● **WHAT THE TASK REQUIRES**: The full set of lines below has to be duplicated exactly, with no picture kept.

● **RAW DATA**:
=== Begin Enclosure ===

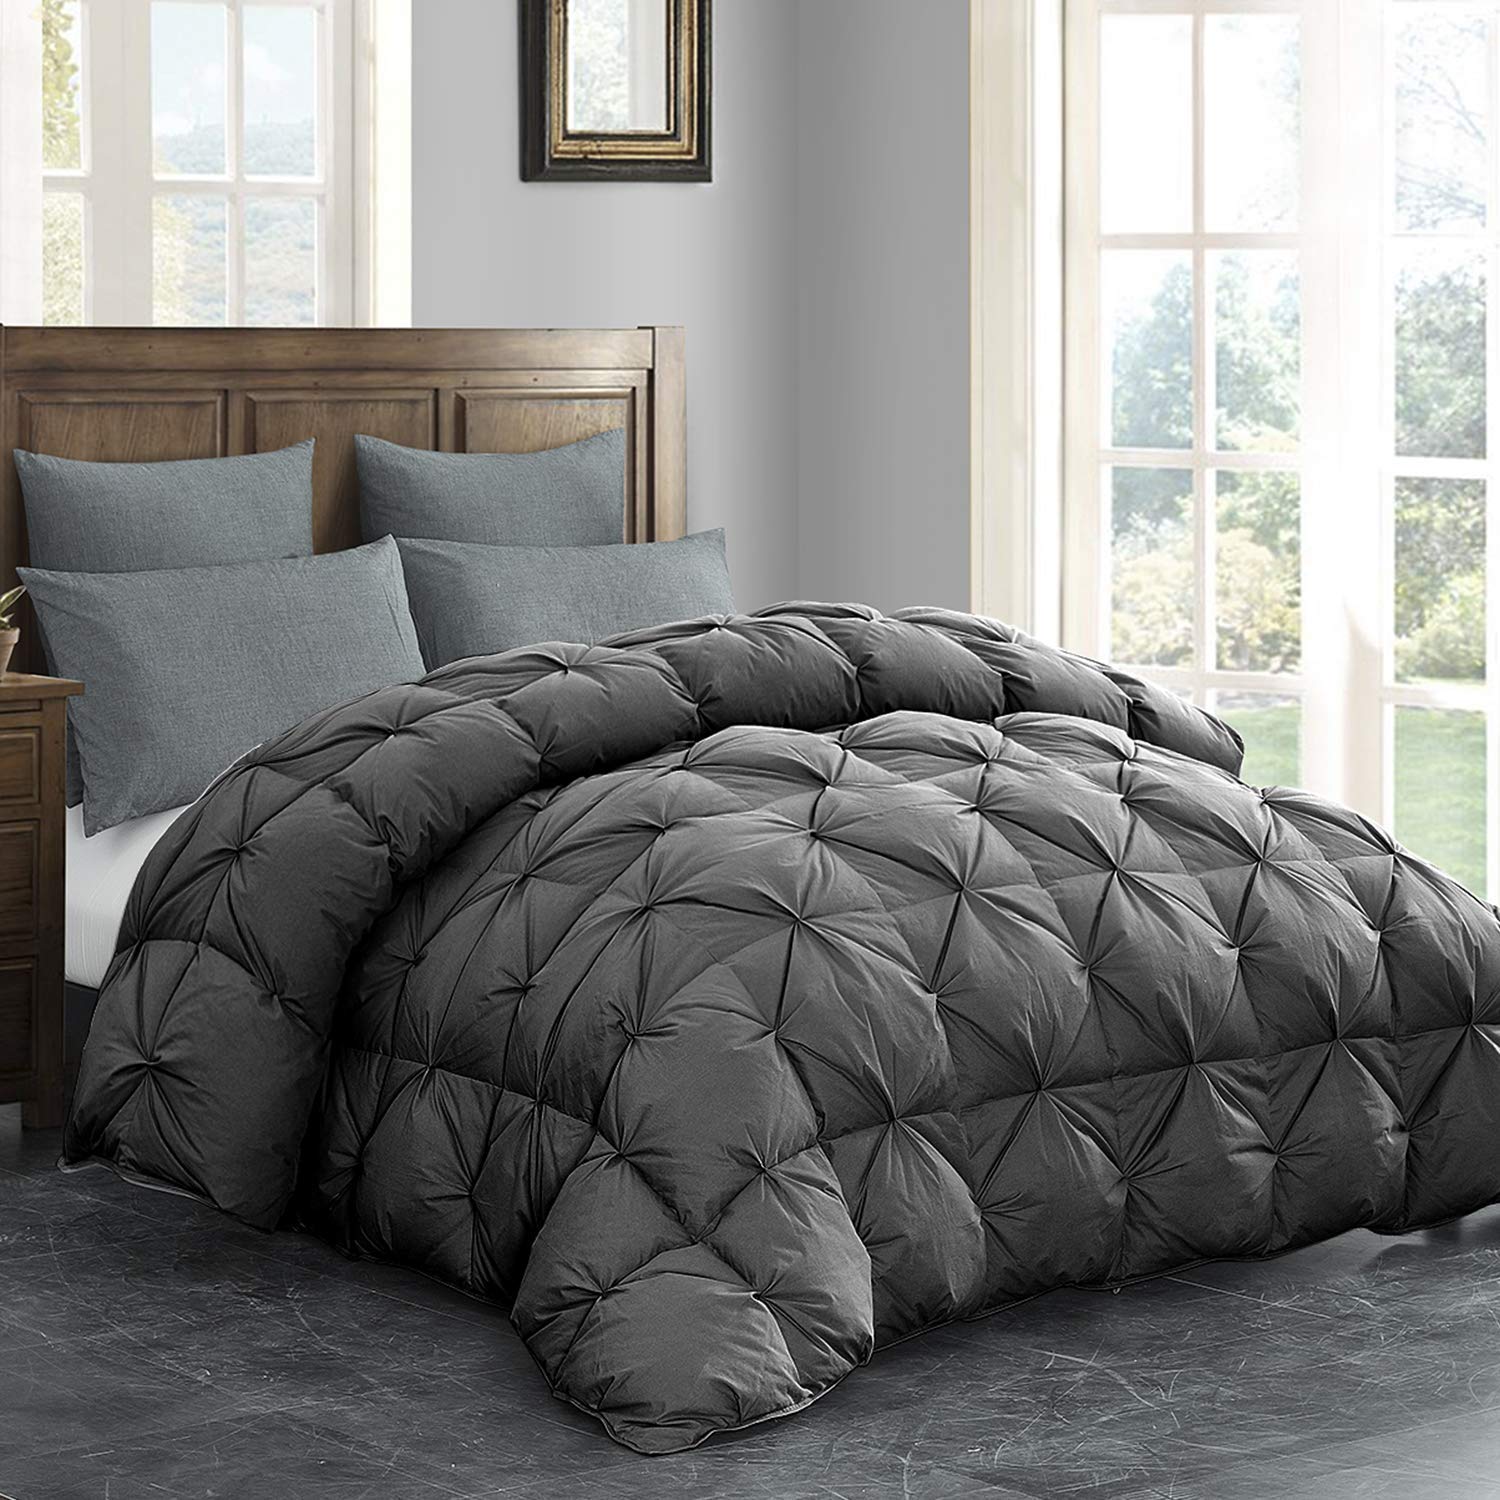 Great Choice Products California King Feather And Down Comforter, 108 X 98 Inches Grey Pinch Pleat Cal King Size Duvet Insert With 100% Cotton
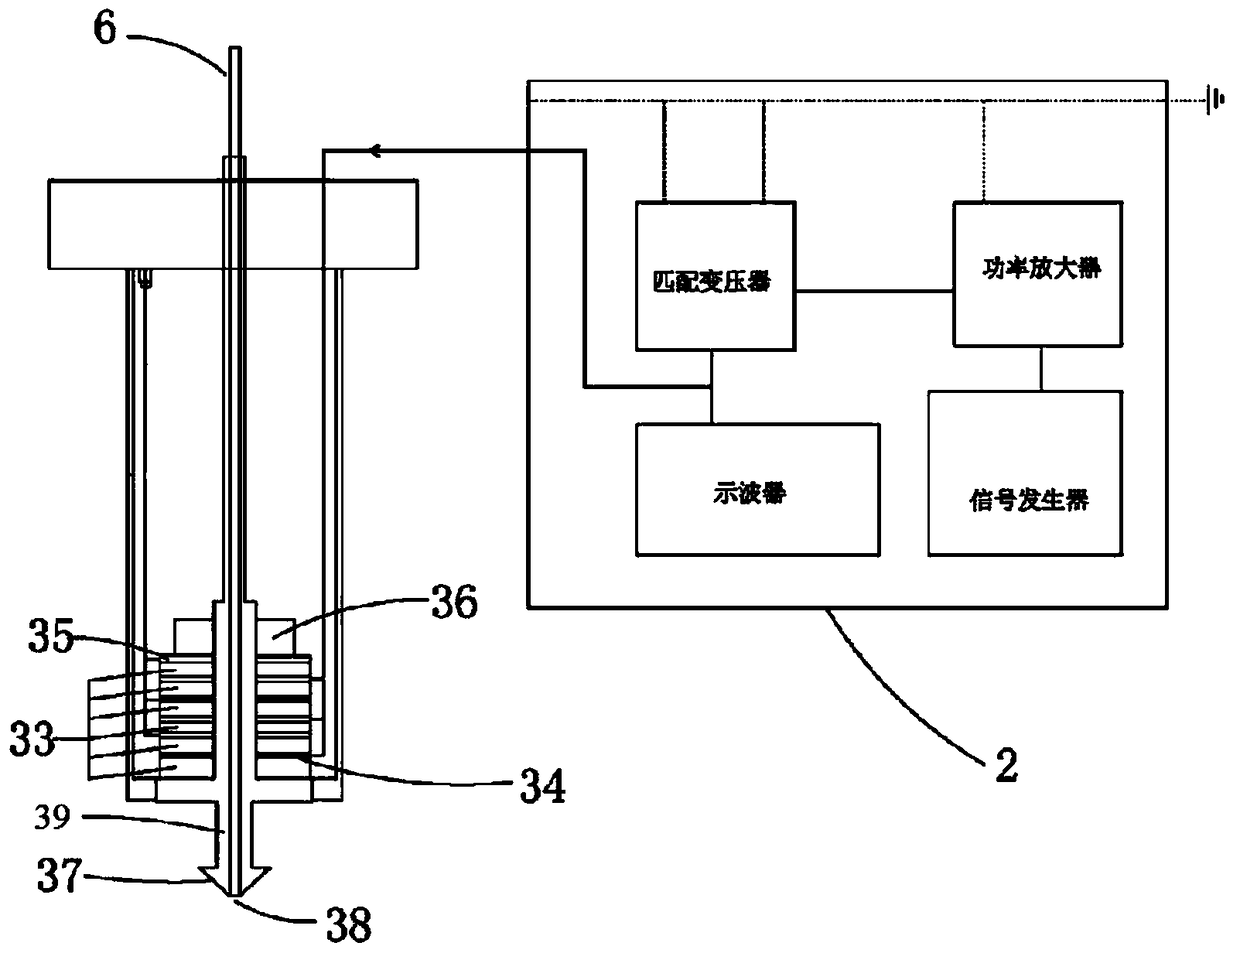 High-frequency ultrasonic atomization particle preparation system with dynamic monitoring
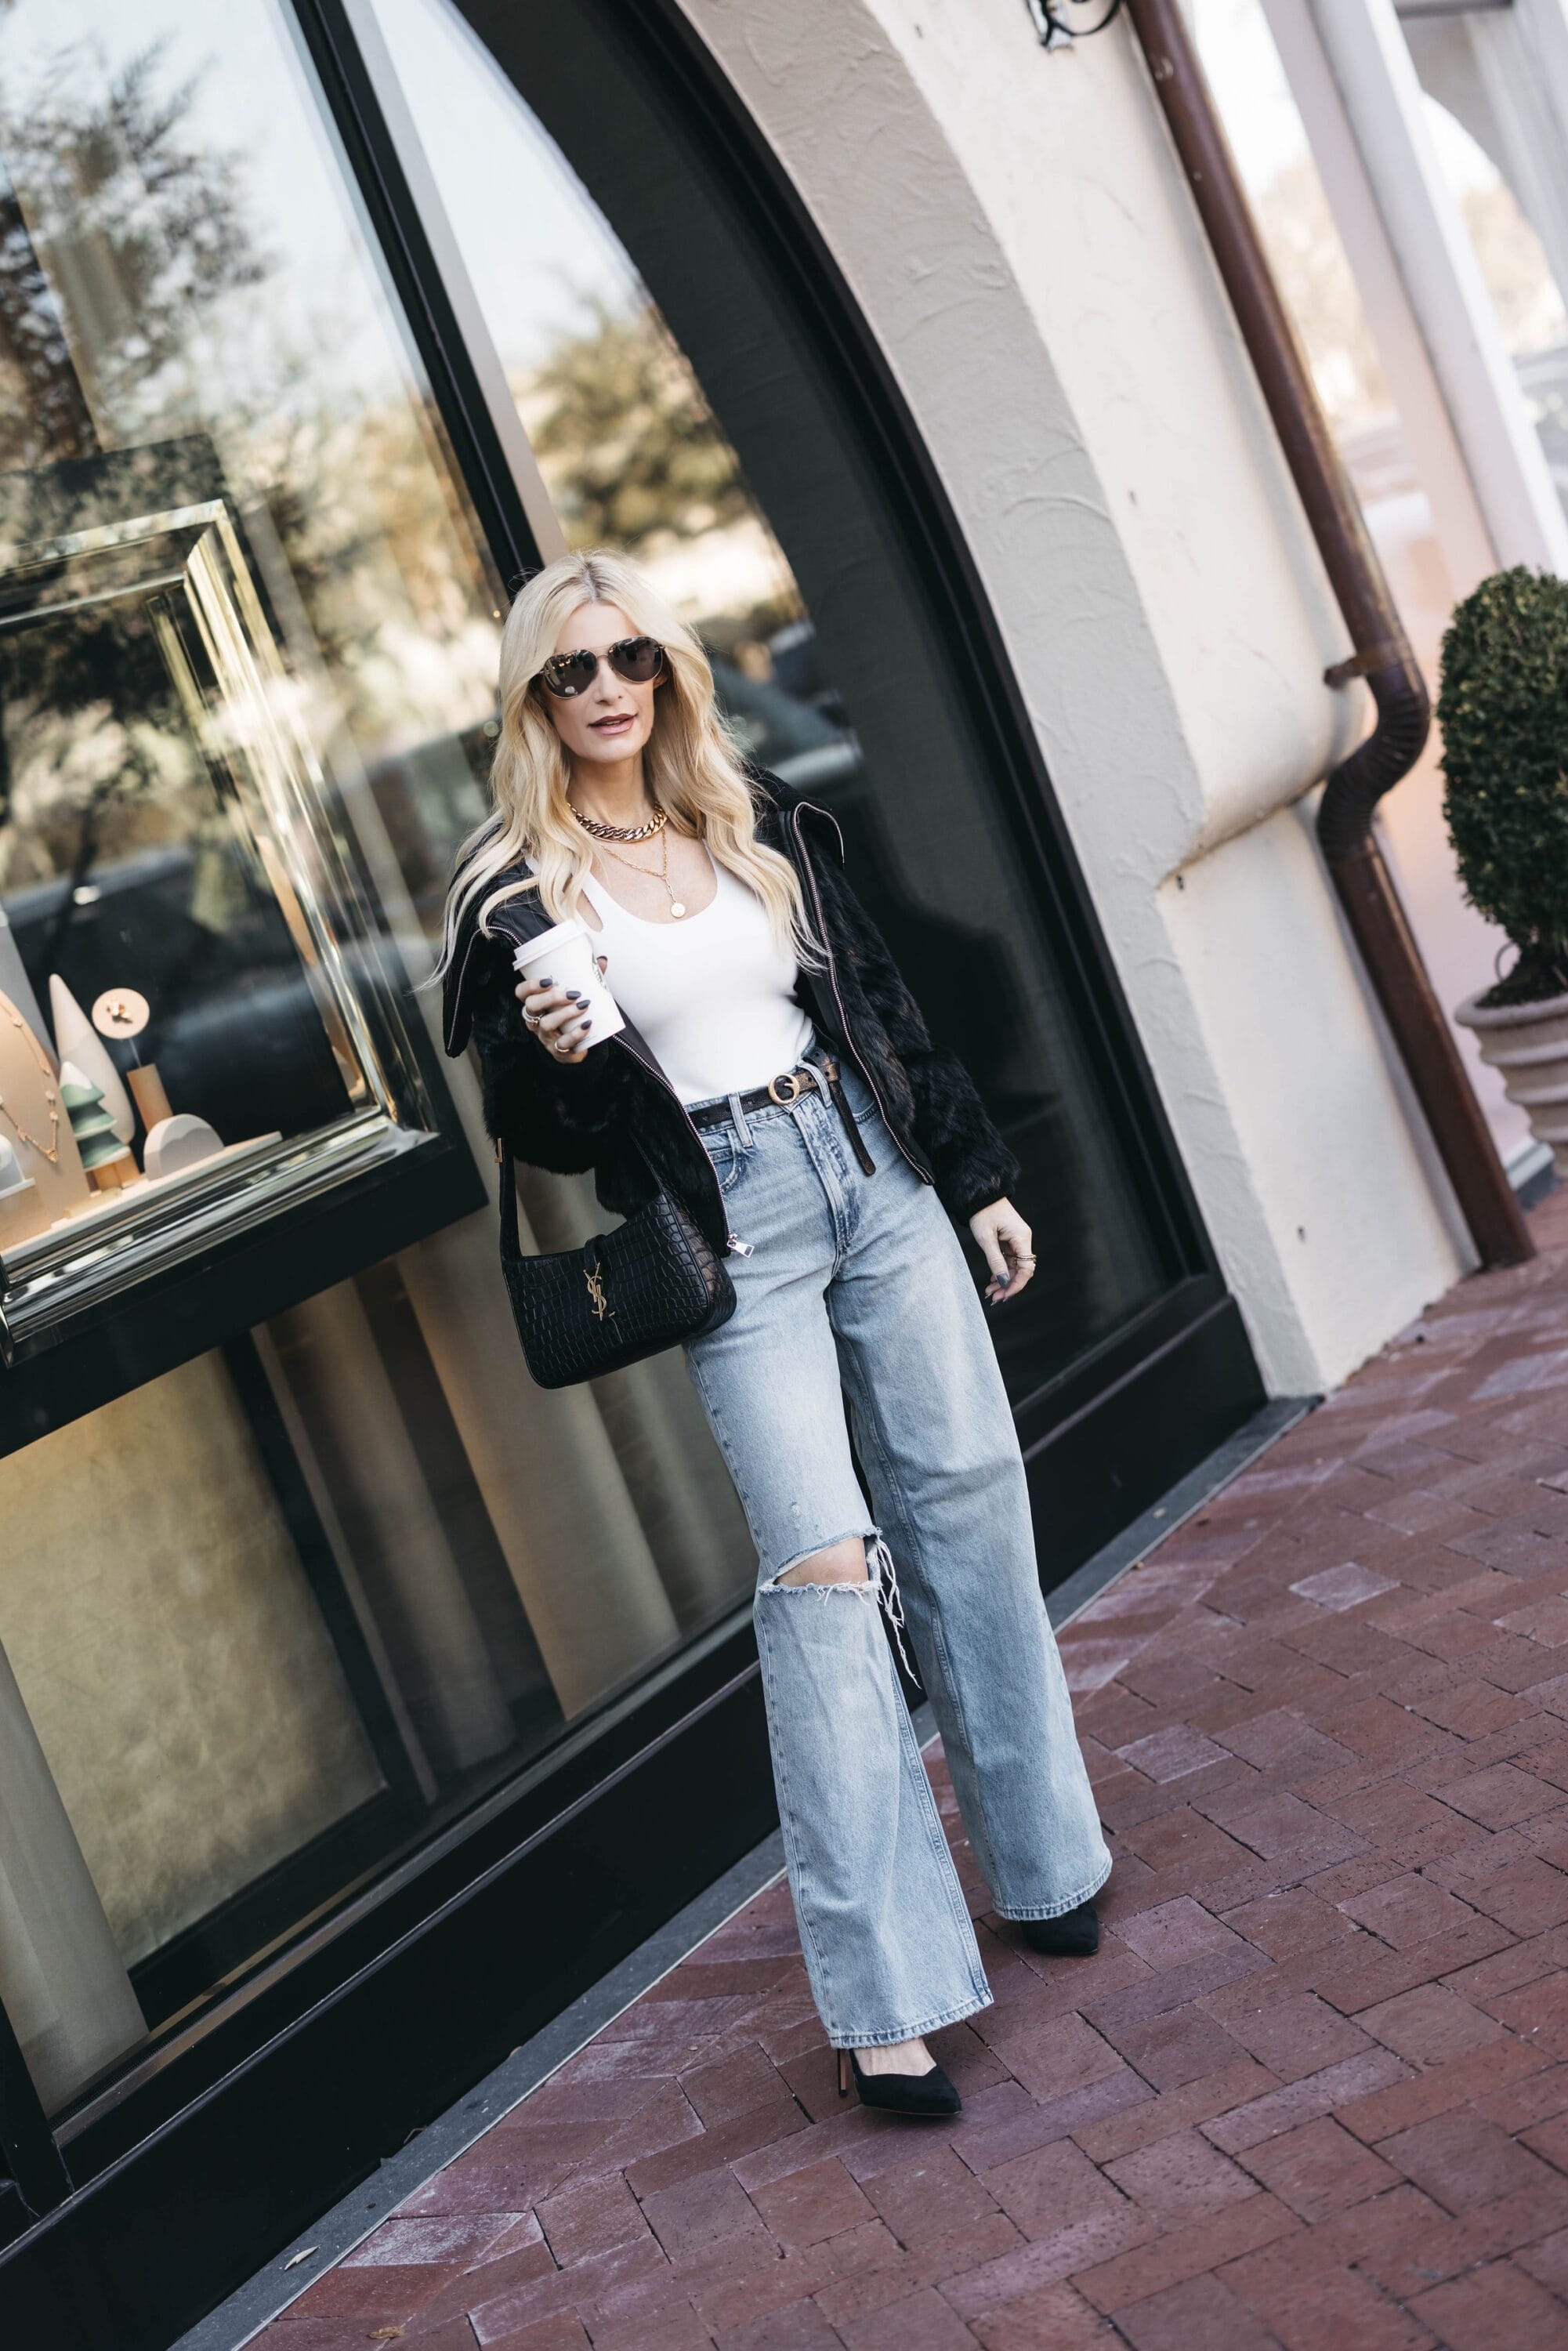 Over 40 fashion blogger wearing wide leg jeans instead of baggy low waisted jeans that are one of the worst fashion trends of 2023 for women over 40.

=== End Enclosure ===

● **RESPONSE TO THIS TASK**:
 Great Choice Products California King Feather And Down Comforter, 108 X 98 Inches Grey Pinch Pleat Cal King Size Duvet Insert With 100% Cotton
 High-frequency ultrasonic atomization particle preparation system with dynamic monitoring
 Over 40 fashion blogger wearing wide leg jeans instead of baggy low waisted jeans that are one of the worst fashion trends of 2023 for women over 40.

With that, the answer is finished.